Mn-doped ZnO nanoparticles were synthesized by a rheological phase-reaction-precursor method and the thermal decomposition of the oxalate precursors was studied by thermogravimetry and differential thermal analysis in air. The Mn-doped ZnO obtained at lower temperature crystallizes in a wurtzite structure and a new phase appears at higher temperature. The lattice parameters of Zn1-xMnxO (0.09 <= x <= 0.1) increase gradually with increasing temperature up to 650 degrees C and then decrease. X-ray photoelectron spectroscopy indicates that there are different Mn valence bonds in Mn-doped ZnO nanoparticles. Furthermore, two additional Raman peaks were observed.
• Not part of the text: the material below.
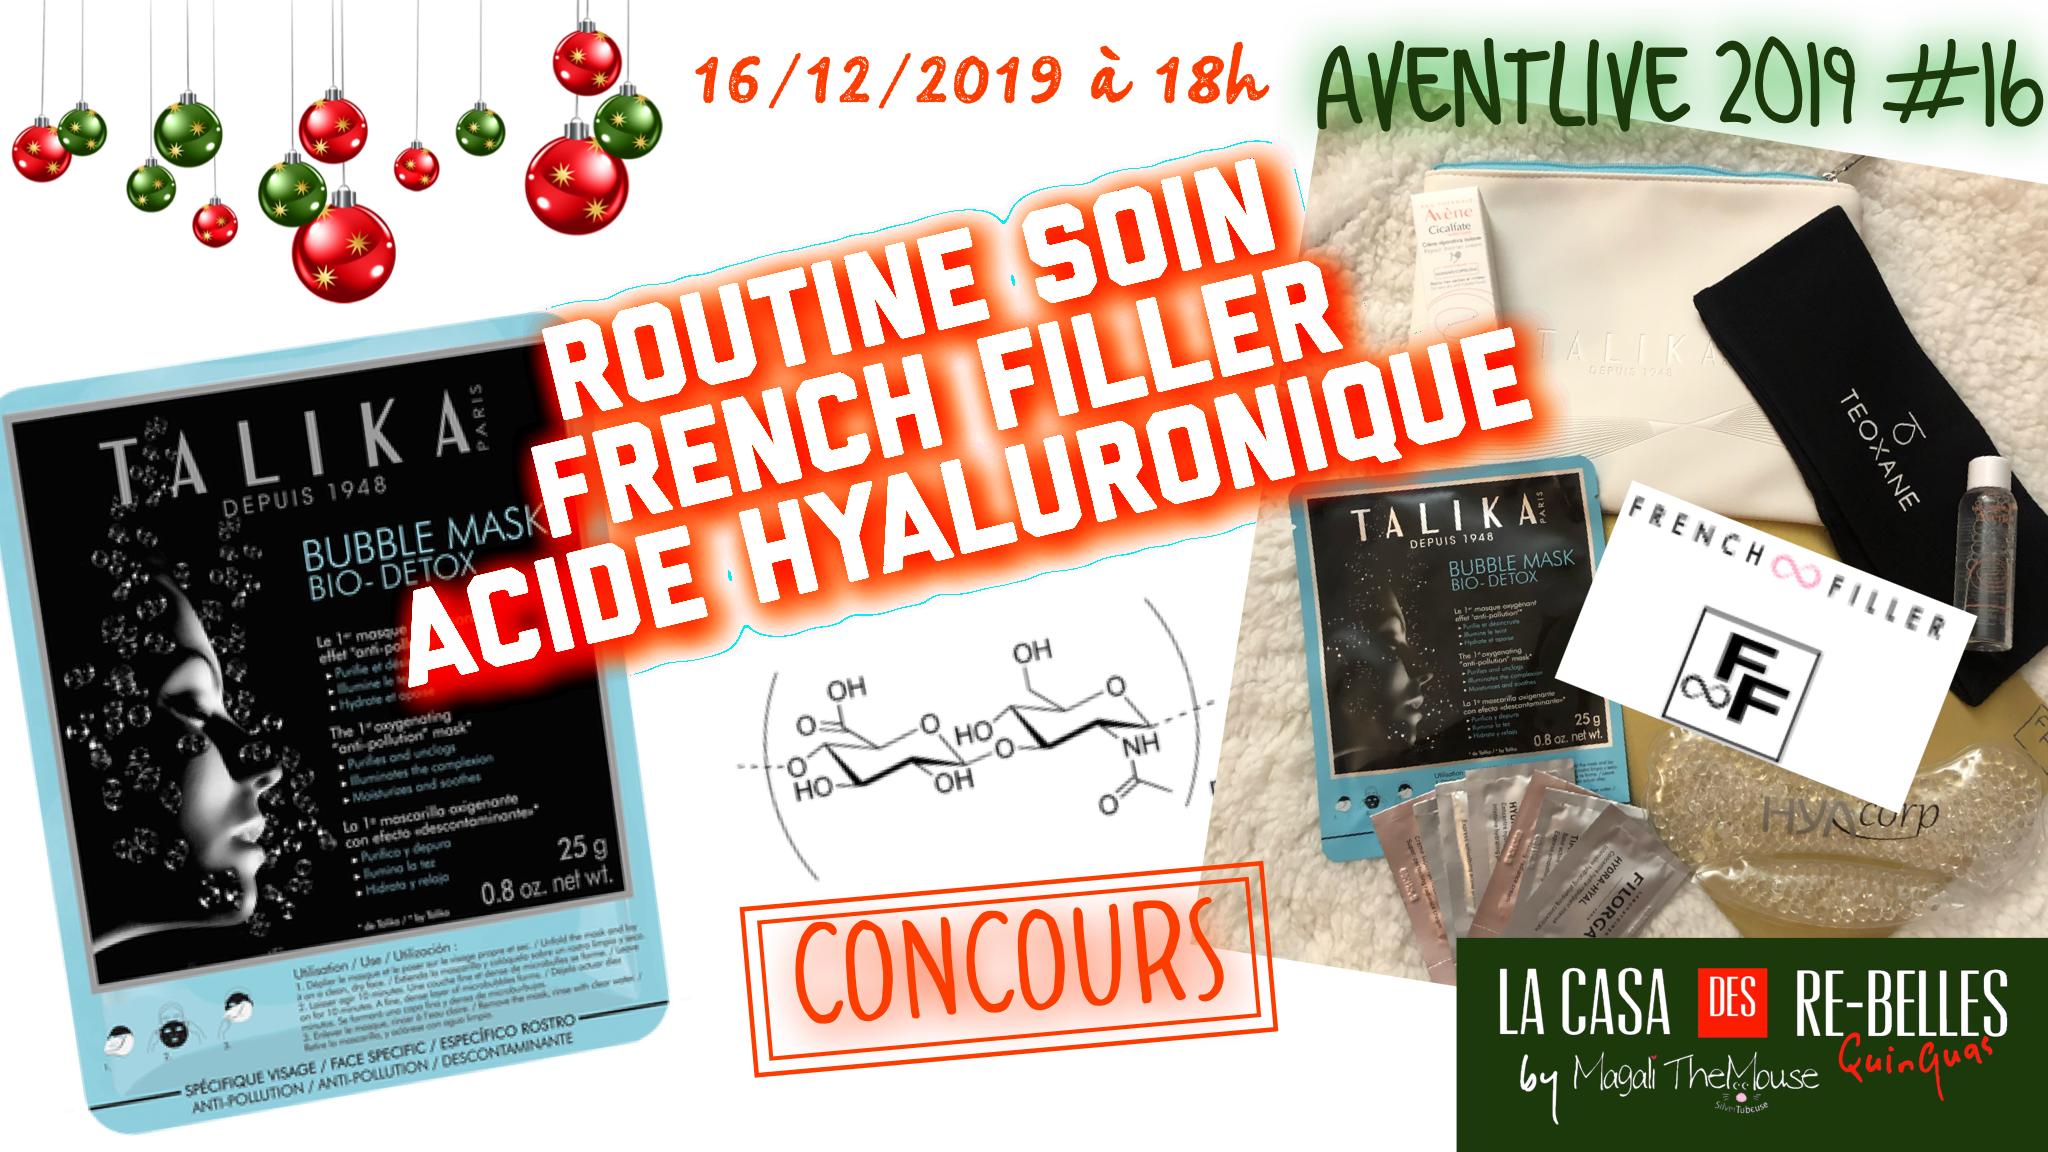 Routine du soir avec French Filler… on parle d'acide hyaluronique!

One peak is considered to have an origin related to the incorporation of Mn ions into the Zn site of the ZnO lattice; the other may be attributed to the ZnMnO3 phase. Magnetization measurements under field cooling conditions reveal that the Zn1-xMnxO nanoparticles exhibit ferromagnetic behaviour, and the Curie temperatures of some samples are above room temperature. The difference of the ferromagnetic properties of the Mn-doped ZnO nanoparticles is primarily attributed to the Mn2+ content.